Personal information
- Born: 17 February 1972 (age 54) Courbevoie, France
- Height: 170 cm (5 ft 7 in)

Figure skating career
- Country: France
- Began skating: 1979
- Retired: 1998

Medal record
Men's figure Skating
Representing France
Winter Olympics
| Bronze medal – third place | 1994 Lillehammer | Men's singles |
| Bronze medal – third place | 1998 Nagano | Men's singles |
World Championships
| Silver medal – second place | 1994 Chiba | Men's singles |
| Bronze medal – third place | 1995 Birmingham | Men's singles |
European Championships
| Silver medal – second place | 1993 Helsinki | Men's singles |
| Silver medal – second place | 1997 Paris | Men's singles |
French Championships
| Gold medal – first place | 1994 Grenoble | Men's singles |
| Gold medal – first place | 1995 Bordeaux | Men's singles |
| Gold medal – first place | 1996 Albertville | Men's singles |
| Gold medal – first place | 1997 Amiens | Men's singles |
| Silver medal – second place | 1990 Annecy | Men's singles |
| Silver medal – second place | 1991 Reims | Men's singles |
| Silver medal – second place | 1992 Colombes | Men's singles |
| Silver medal – second place | 1993 Grenoble | Men's singles |

= Philippe Candeloro =

French figure skater (born 1972)

Philippe Candeloro (born 17 February 1972) is a French former competitive figure skater. He is a two-time Olympic bronze medalist (1994, 1998), a two-time World medalist (1994 silver, 1995 bronze), a two-time European silver medalist (1993, 1997), and a four-time French national champion (1994–1997). He has been a commentator for French television during figure skating events at the Olympics. He also made special appearance as himself and a villain's victim named "Frozer" in Miraculous: Tales of Ladybug & Cat Noir.

==Early years==
Philippe Candeloro was born in Courbevoie, the youngest of four children. His father, Luigi, was a mason, and, a few years after Philippe's birth, built a family home in the Parisian suburb of Colombes.

Early in his childhood Candeloro enjoyed swimming and elastic springboard. In 1979, at age seven, he began taking weekly ice skating lessons. During one of his first lessons, trainer André Brunet noted Candeloro's potential and invited him to increase his skating practices. At first, he participated in the village's hockey team but quickly veered into figure skating. He stole one of his first pairs of skates.

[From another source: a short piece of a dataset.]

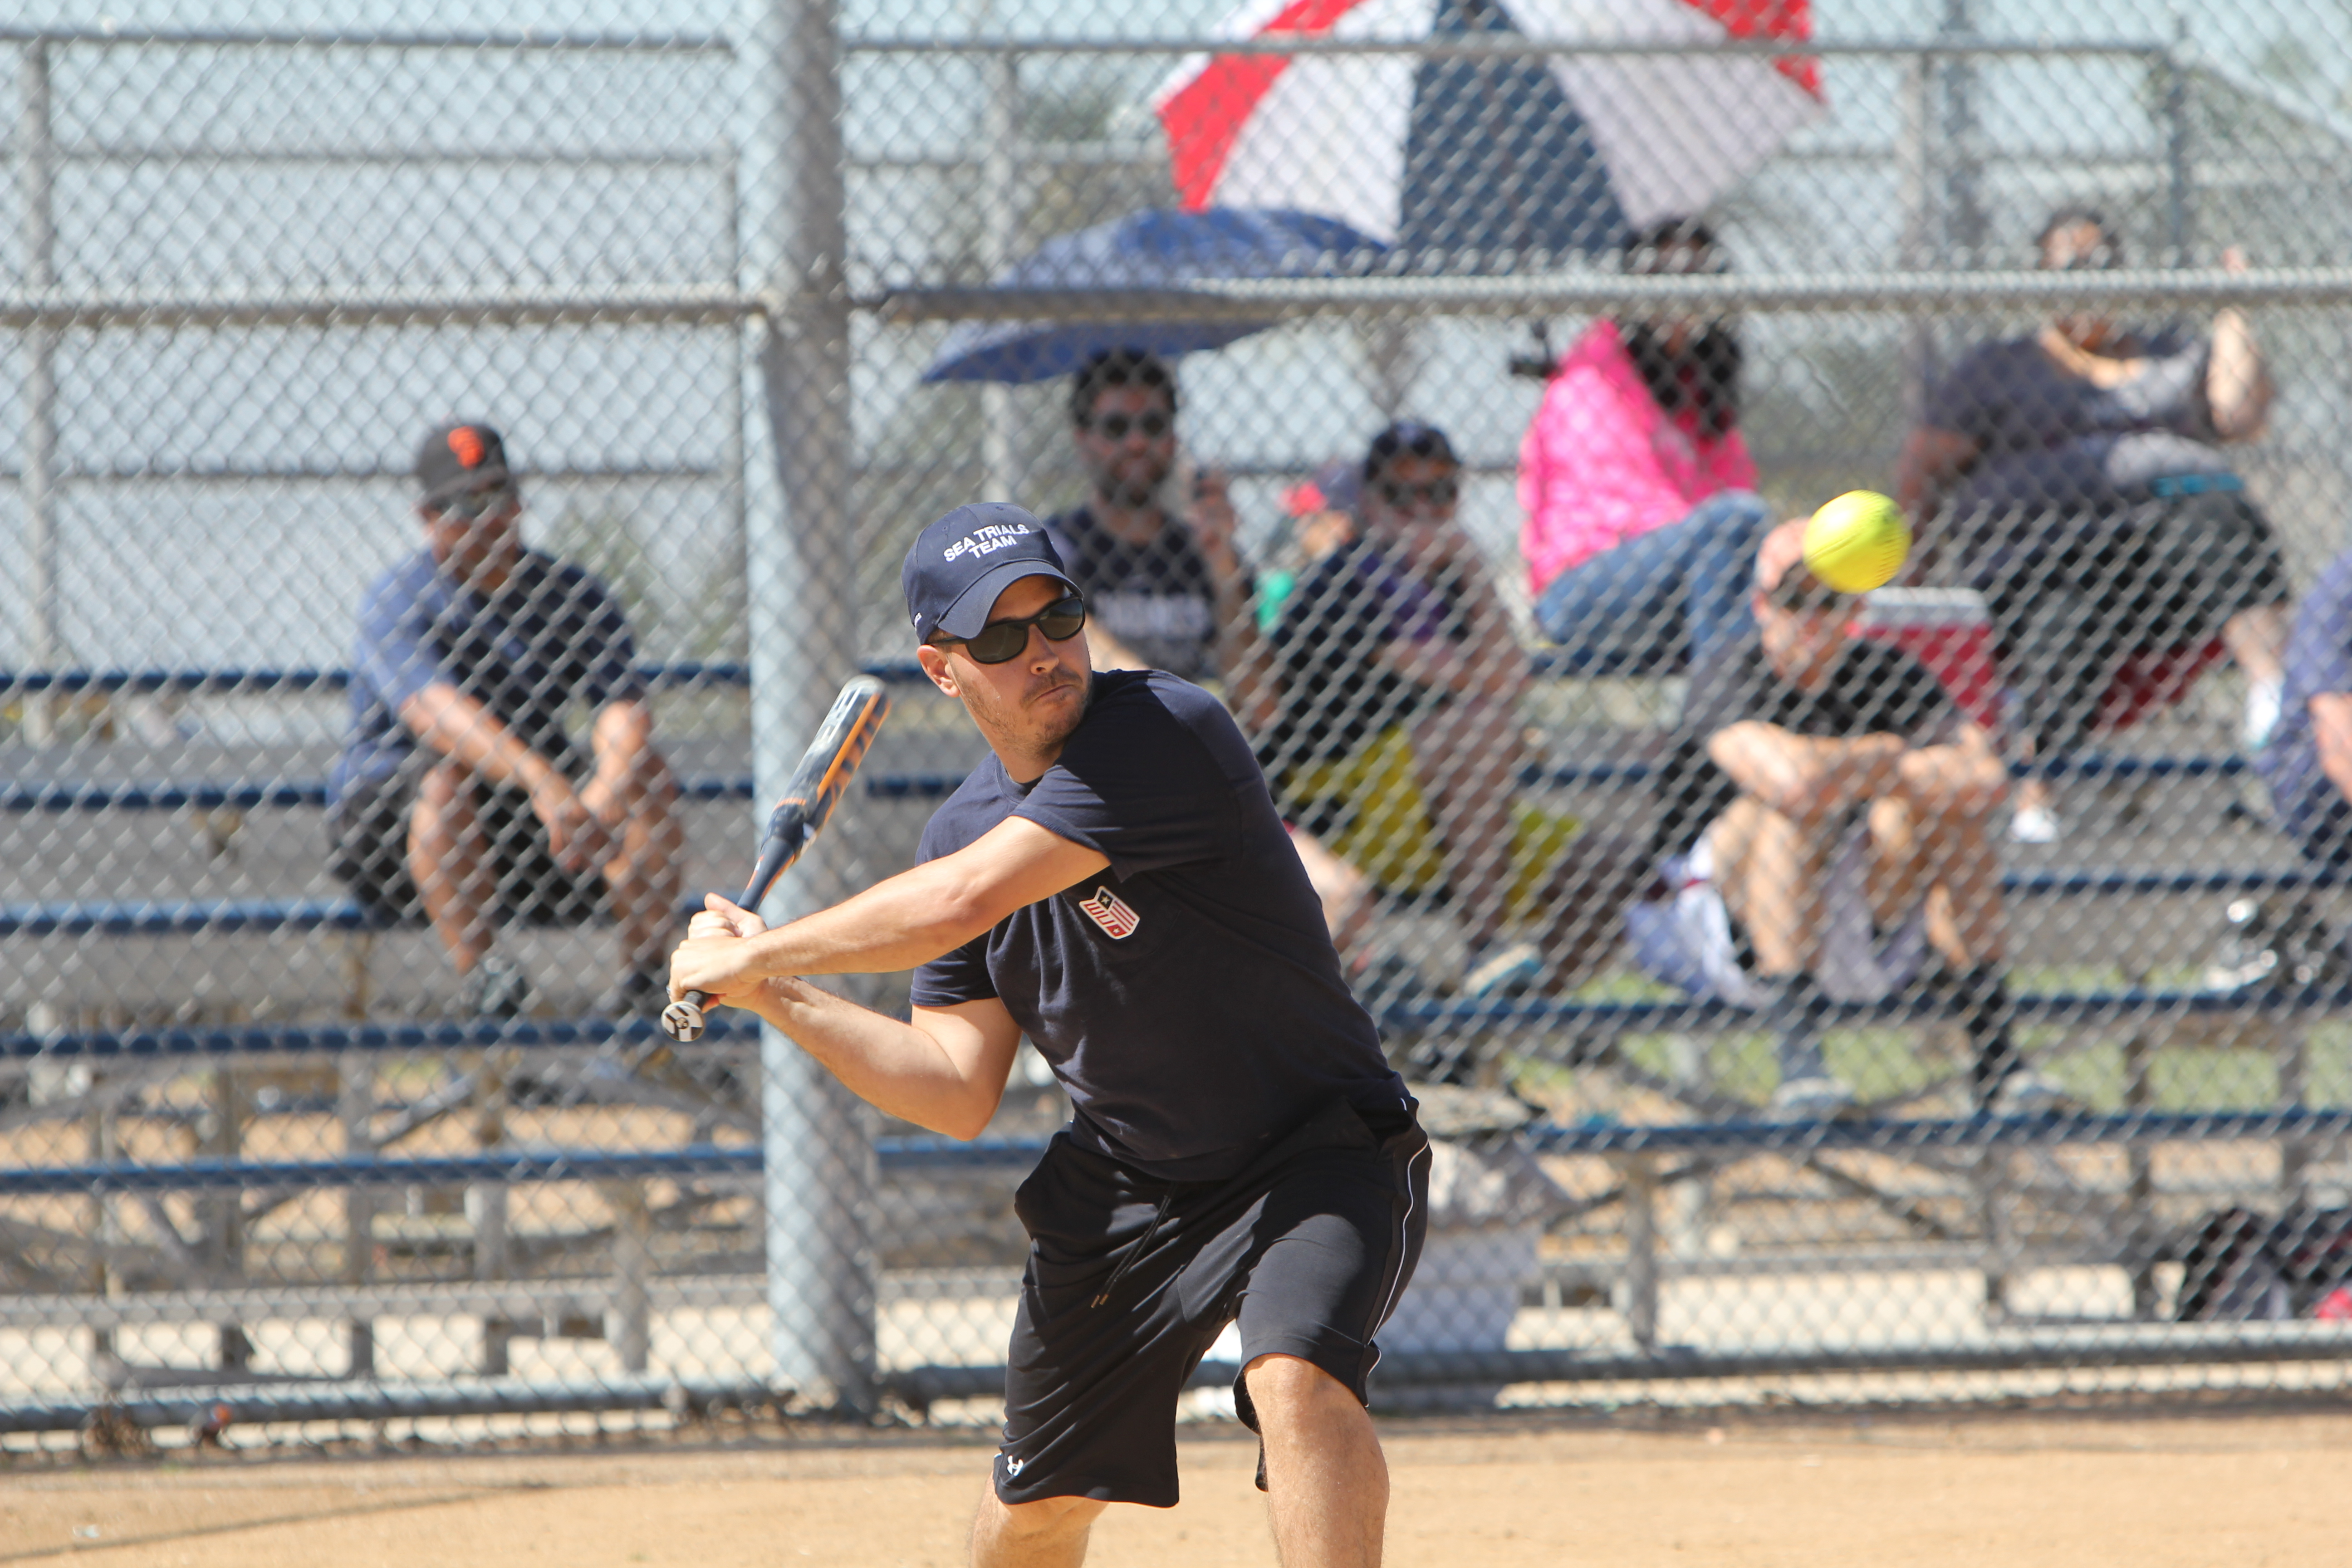 03-11-17 SIGNs Softball (3)

His mother paid for them when the theft was discovered.

==Skating career==
Within a few years of stepping onto the ice, Candeloro found himself on the fast track with the French figure skating federation. He was invited to a summer training camp at Font-Romeu, which would become an annual event for him. When he was 10, the French Federation offered him a place at the prestigious national training center in Paris, INSEP. Candeloro refused this invitation, opting instead to continue training in Colombes with Brunet. At the age of 16, he left school to concentrate full-time on his training.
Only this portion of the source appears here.